If we view the November 2018 elections in terms of a tennis match, it looks like Democrats are heading for straight sets’ triumph, concluding up with a triple match point.
The trifecta of victories will control the House, along with significant gains in governorships and state legislatures.
With this “blue wave” surging, one might wonder why it may not include a 4th dimension, taking the Senate where Democrats need only a net gain of two.
Here, the math works against the challengers because while Democrats are defending 26 seats, the Republicans only have eight Senate seats to hold.
Only one of those (Nevada) is a state that voted against Trump in 2016.
However, 11 of the Democratic incumbents are women, the most females ever to so compete in Senate history.
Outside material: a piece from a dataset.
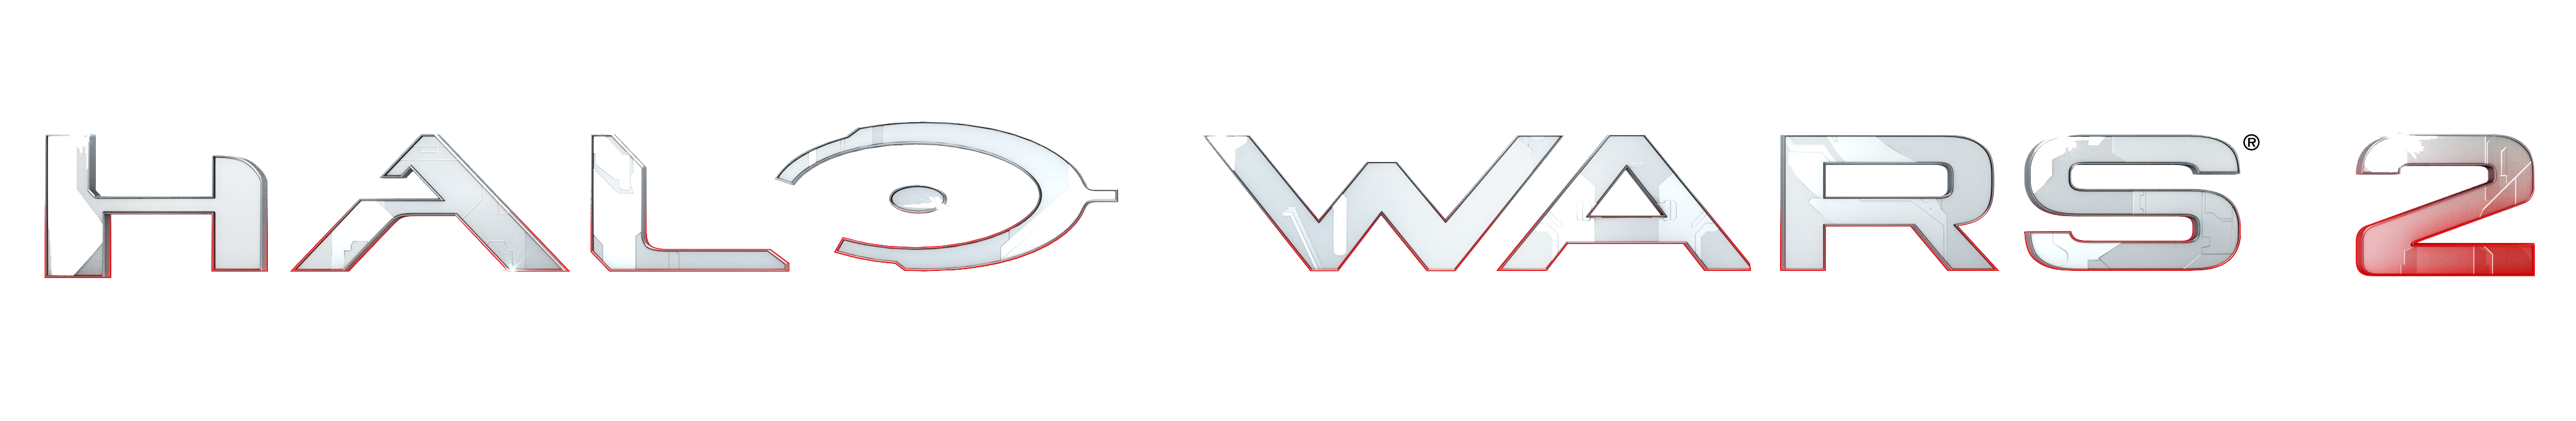 Download PNG image - Halo Wars Logo Transparent PNG 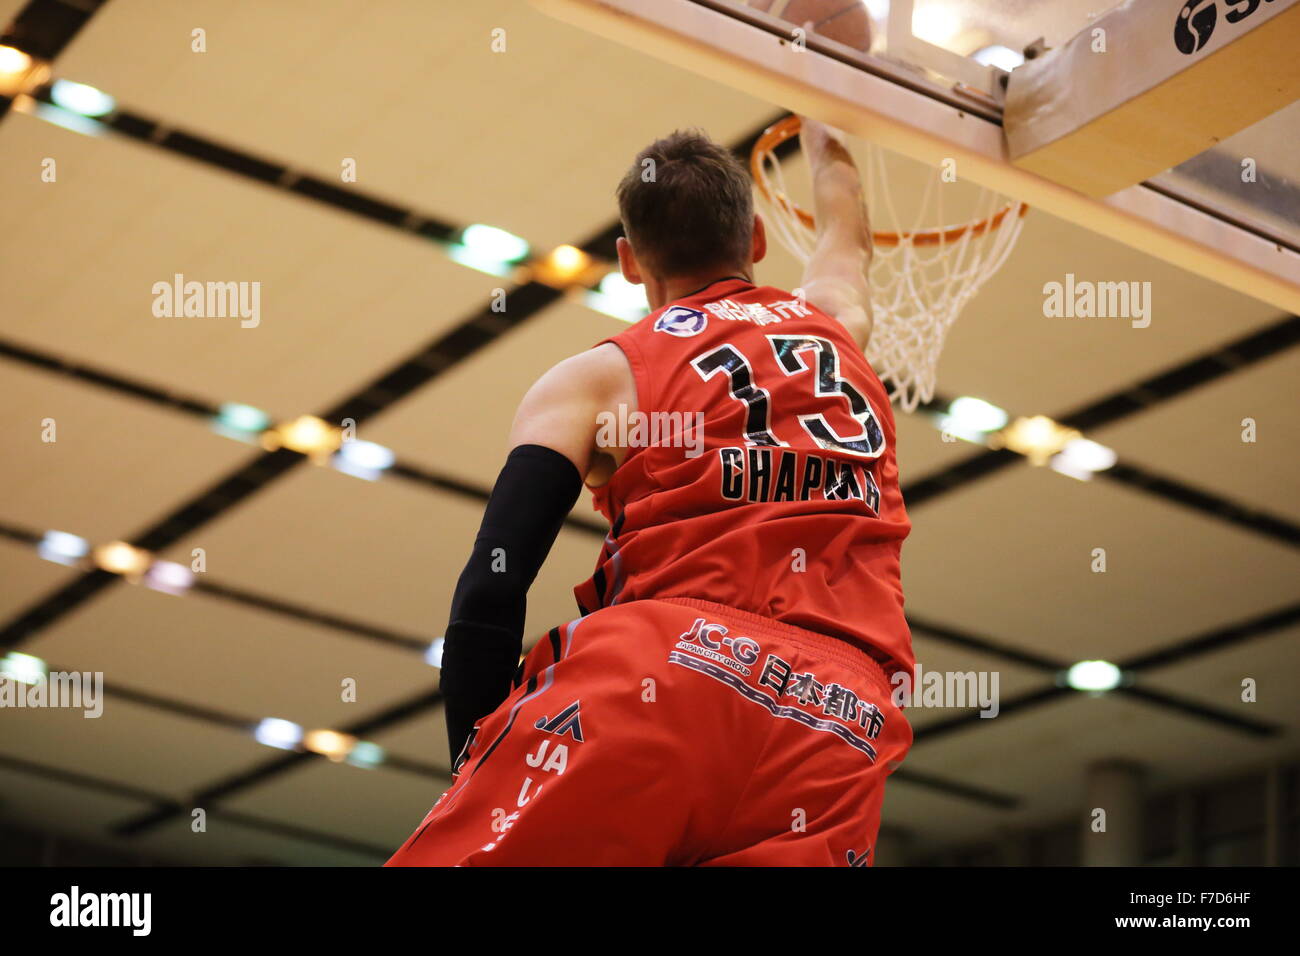 Liga de baloncesto de japon fotografías e imágenes de alta resolución -  Página 5 - Alamy

As they defend their seats, they will energize women voters throughout the nation.
The rising female power will return them to office and will have ripple effects for increased turn-outs in races for the House, governorships and state legislatures.
Throughout American history, only 51 women have ever served in the U.S. Senate, 34 Democrats and 17 Republicans.
Should new Democratic female challengers flip Republican seats in Nevada (Judy Rosen) and Arizona (Kysten Sinema) all-time highs will be reached for gender inclusion in the Senate; that huge Democratic dominance will be further extended.
Another key voting variable for 2018 will be age demographics.
The election of 2018 is likely to draw the highest participation by millennials in an off-presidential year in our nation’s history. Young people don’t like Donald Trump.
The 18 to 29 contingent played a huge role in Obama’s nomination in 2008 (at that time, my analysis showed he could only have defeated Clinton for the nomination with overwhelming youth support).
In Obama’s presidential elections of 2012, but especially in 2008, millennials had their highest rates of participation ever.
However, their voting sharply declined in 2010 (when the far-right “Tea Party” won huge victories), and, again in 2014 (when the GOP recaptured the Senate and took control of naming life-time judges – the most under-reported story of the past year).
The most recent mid-term of 2014 illustrates what can – and will – be changed in 2018. Four years ago, only 16% of 18-29-year-olds voted compared to 55 percent of citizens over age 60.
The fundamental factor is that the youth contingent has almost as many available voters as older Americans.
The “Boomer” generation totals about 75 million, and the Millennials are nearing that number.
Most dramatic, while 10,000 people, turn 65 every day (causing many LI cardiologist to stop taking additional patients!), 12,000 Americans turn 18 every day. And, they are hugely different in politics and values than elders over 65 (who have voted Republican In every national election since 2000).
Last week, Tim Kreider wrote: “Revolutions have always been driven by the young.”
Many people have been impressed by the passion and eloquence of the Parkland High School students who are speaking truth to the power of elected officials, challenging them to show less profile and more courage.
Can a youth movement, initiated by high school students, be sustained; can it expand? The short answer is “Yes” because as Americans beyond their teens rally to these exceptional youngsters the results will be synergistic.
Kreider says: “It‘s been thrilling to watch furious, cleareyed teenagers shame and vilify soul-dead politicians and lobbyists for complicity in the murders of their friends.”
NRA leaders and supporters are becoming frightened and alarmed as their leader, LaPierre, is being analogized to Dr. Strangelove.
Fox commentators and others on the far-right have been spreading “Fake News” that the high school activists are trained, paid actors, not authentic citizens.
But, “as soon as the first N.R.A. A-rated congressman loses an election,” Kreider predicts, “other politicians’ deeply held convictions about Second Amendment rights will start rapidly evolving.”
Youth momentum is gaining daily support.
This past week, New York Times columnist Ross Douthat said that he once favored extending the vote to 16-year olds.
But now, he modifies that view to “Demeny voting,” which would give extra votes to parents for their children.
Just days ago, Temple psychology professor, Lawrence Steinberg, issued a clarion call to legalize voting for 16-year olds.
He argues this is warranted because “Studies of cold cognition have shown that the skills necessary to make informed decisions are firmly in place by 16.”
Steinberg contends there is also a powerful civic argument for the vote at 16 “in addition to the scientific case for lowering the voting age.”
More than a dozen nations already grant the suffrage to 16-year olds.
Look for an expanding youth vote as localities, states, and, then, the national government offer support.
Bolstered by the Parkland students, multitudes will join Steinberg’s praise for them: “They offer an inspiring example of thoughtful, eloquent protest.”